Pubblicato Mercoledì, 16 Luglio 2014 14:01

Umbria: Trek&Jazz - dall'11 al 13 luglio 2014

Si è conclusa da poco la prima partecipazione dei Folletti ad Umbria Jazz. Come per altri viaggi fuori dell’Abruzzo, i tre giorni in Umbria hanno permesso di conoscere gli aspetti culturali e naturalistici di questo territorio, molto simile al nostro per vegetazione e conformazione.

Nei giorni di Umbria Jazz, Perugia e le altre città dell'Umbria si 'trasformano' e si affollano; l'atmosfera del jazz si diffonde e contagia tutti. Dal pomeriggio alla notte, per circa 10 giorni del festival jazz più importante d'Italia, le strade e le piazze si riempiono di artisti, di musica, di concerti e di pubblico. Ma i Folletti, si sa, amano la natura e 'devono' camminare e così spazio alle montagne!!

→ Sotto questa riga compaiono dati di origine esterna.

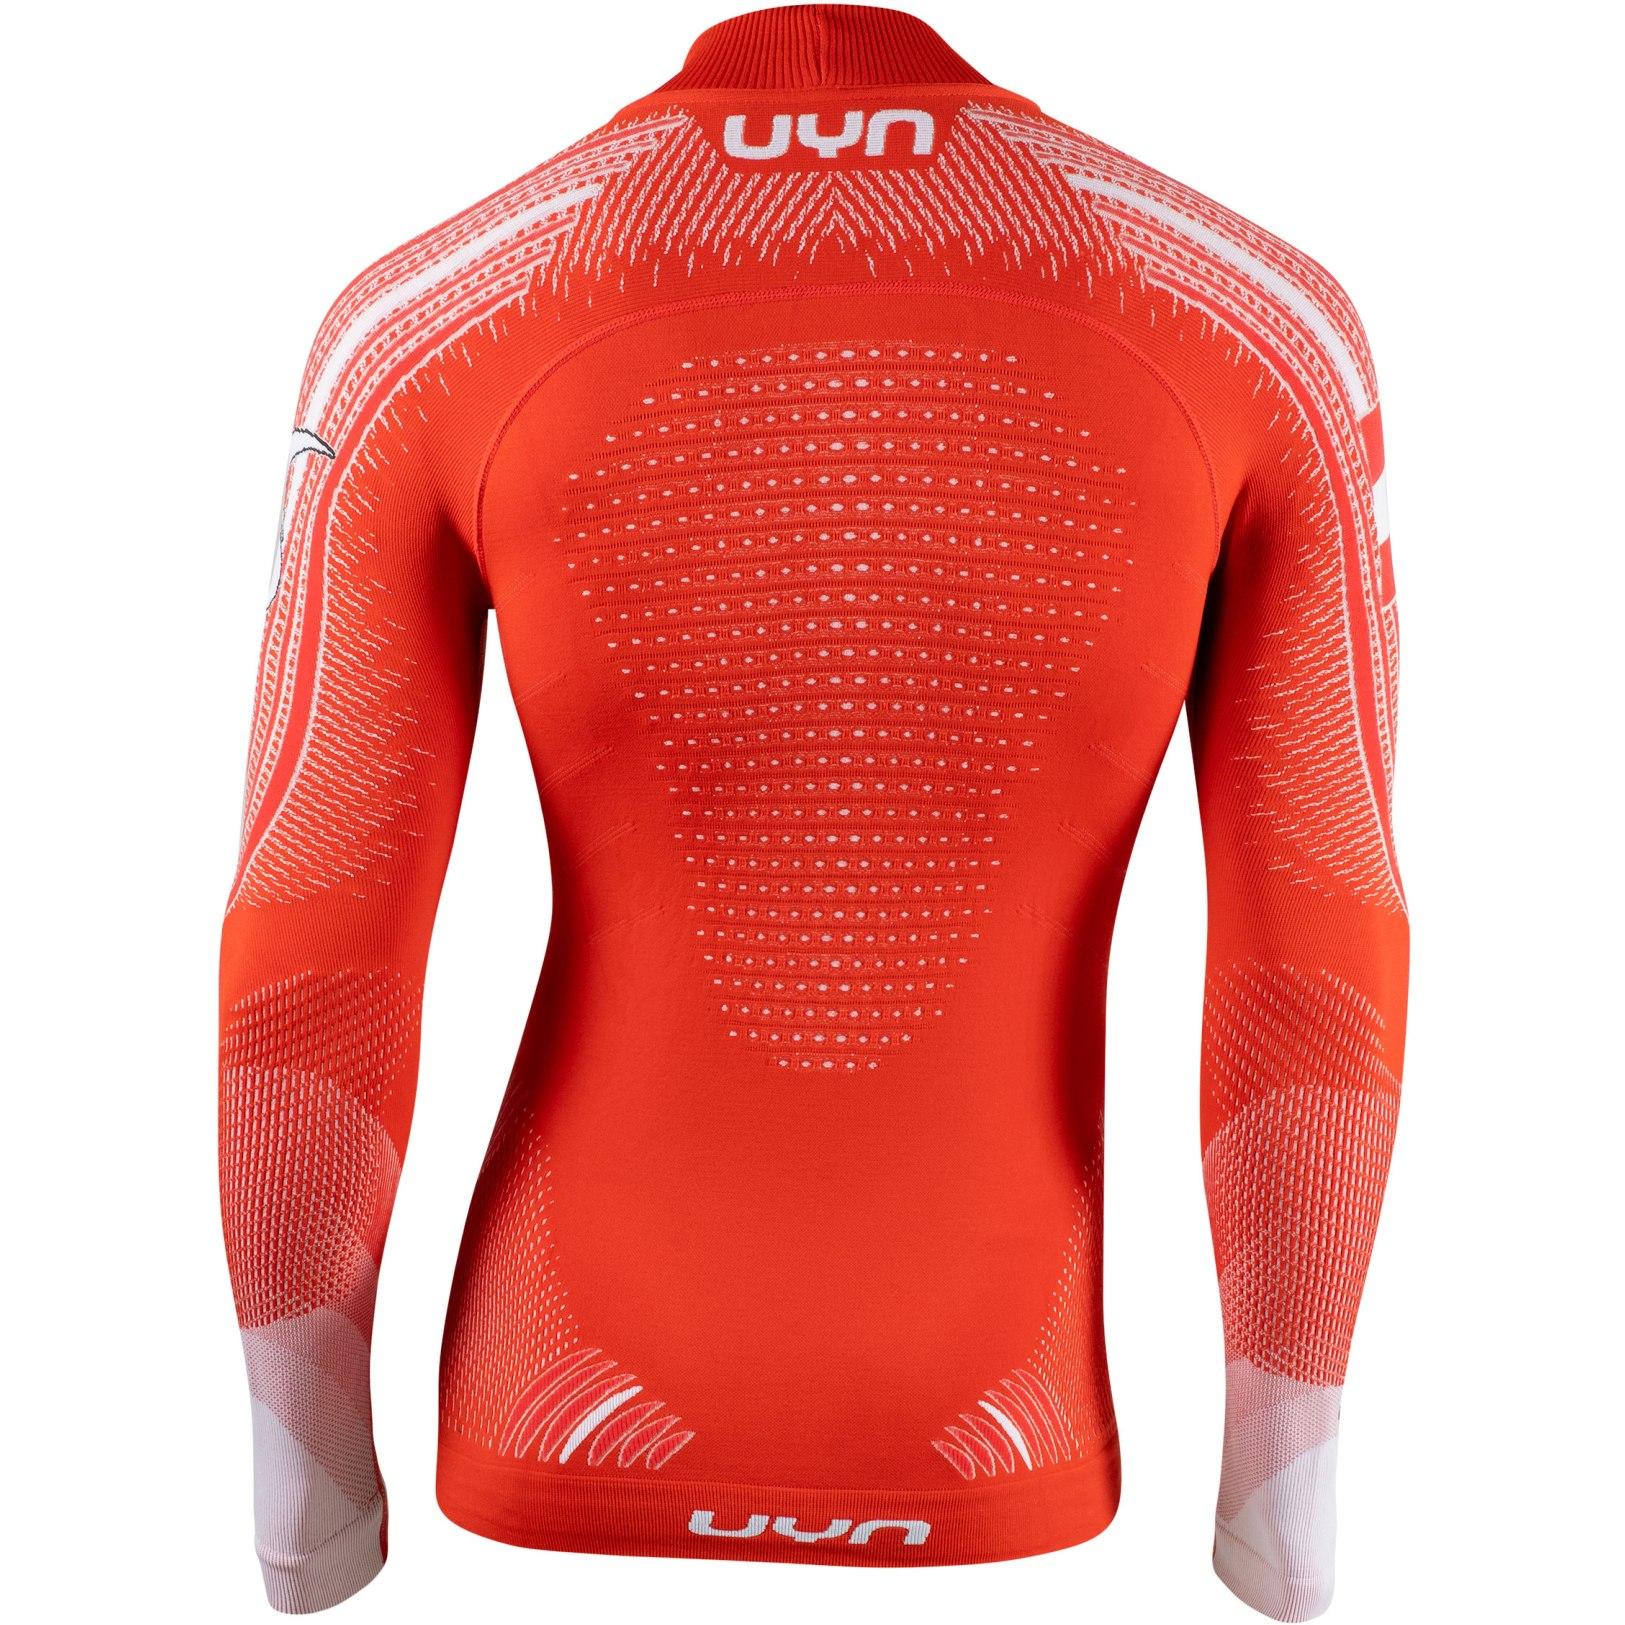 Bild von UYN Natyon 2.0 Underwear Rollkragenshirt - Austria

L’escursione di sabato 12 luglio si è svolta lungo il versante del monte Subasio che collega Assisi, Spello e Collepino, un piccolo borgo tipicamente cinto da mura di origini altomedievali che si raggiunge percorrendo una strada immersa negli ulivi.

Salendo da questa frazione verso il monte Subasio si può ammirare dapprima la chiesa di San Silvestro, luogo di preghiera e di silenzio, e più su la chiesa della Madonna della Spella, adibita anche a Rifugio CAI. In posizione panoramica su un colle a 958 m di altezza, il suo nome deriva appunto da specula, ovvero "panorama" per le larghe vedute che spaziano fino ai Sibillini.

Percorriamo il crinale del massiccio del Monte Subasio, molto caratteristico per la sua forma arrotondata, fino a raggiungere, sul Monte Civitelle (q. 1280 m), i mortari, i fenomeni carsici più vistosi del M. Subasio; sono doline di notevoli dimensioni così chiamate per la somiglianza all’utensile domestico, il mortaio. Sono ben visibili il Mortaro Grande, profondo circa m 50/60 con pareti piuttosto ripide,originatosi in seguito a sprofondamento del fondo causato dall'incessante azione di erosione delle acque, ed il Mortaiolo, o Mortaro piccolo, di diametro inferiore e simile profondità. Di ritorno, una visita al borgo di Collepino ed alla cittadina di Spello.

La domenica è tutta dedicata ad un’altra risorsa dell’Umbria: l’acqua. Lasciando Perugia e percorrendo la lussureggiante Val Nerina, arriviamo presso il centro rafting sul fiume Corno. Dopo aver ben assimilato le regole circa abbigliamento/attrezzatura e corretto utilizzo della pagaia e del gommone (spiegatoci brevemente dagli istruttori del centro), ci imbarchiamo per una emozionante discesa di due ore sul fiume Corno. Per molti è la prima esperienza di rafting in gommone, sicuramente da ripetere e addirittura superare!!

Nel pomeriggio, visita guidata alla cascata delle Marmore, la più alta cascata ‘artificiale’ d’Europa, che con il suo salto complessivo di 165 metri costituisce un’attrazione irrinunciabile.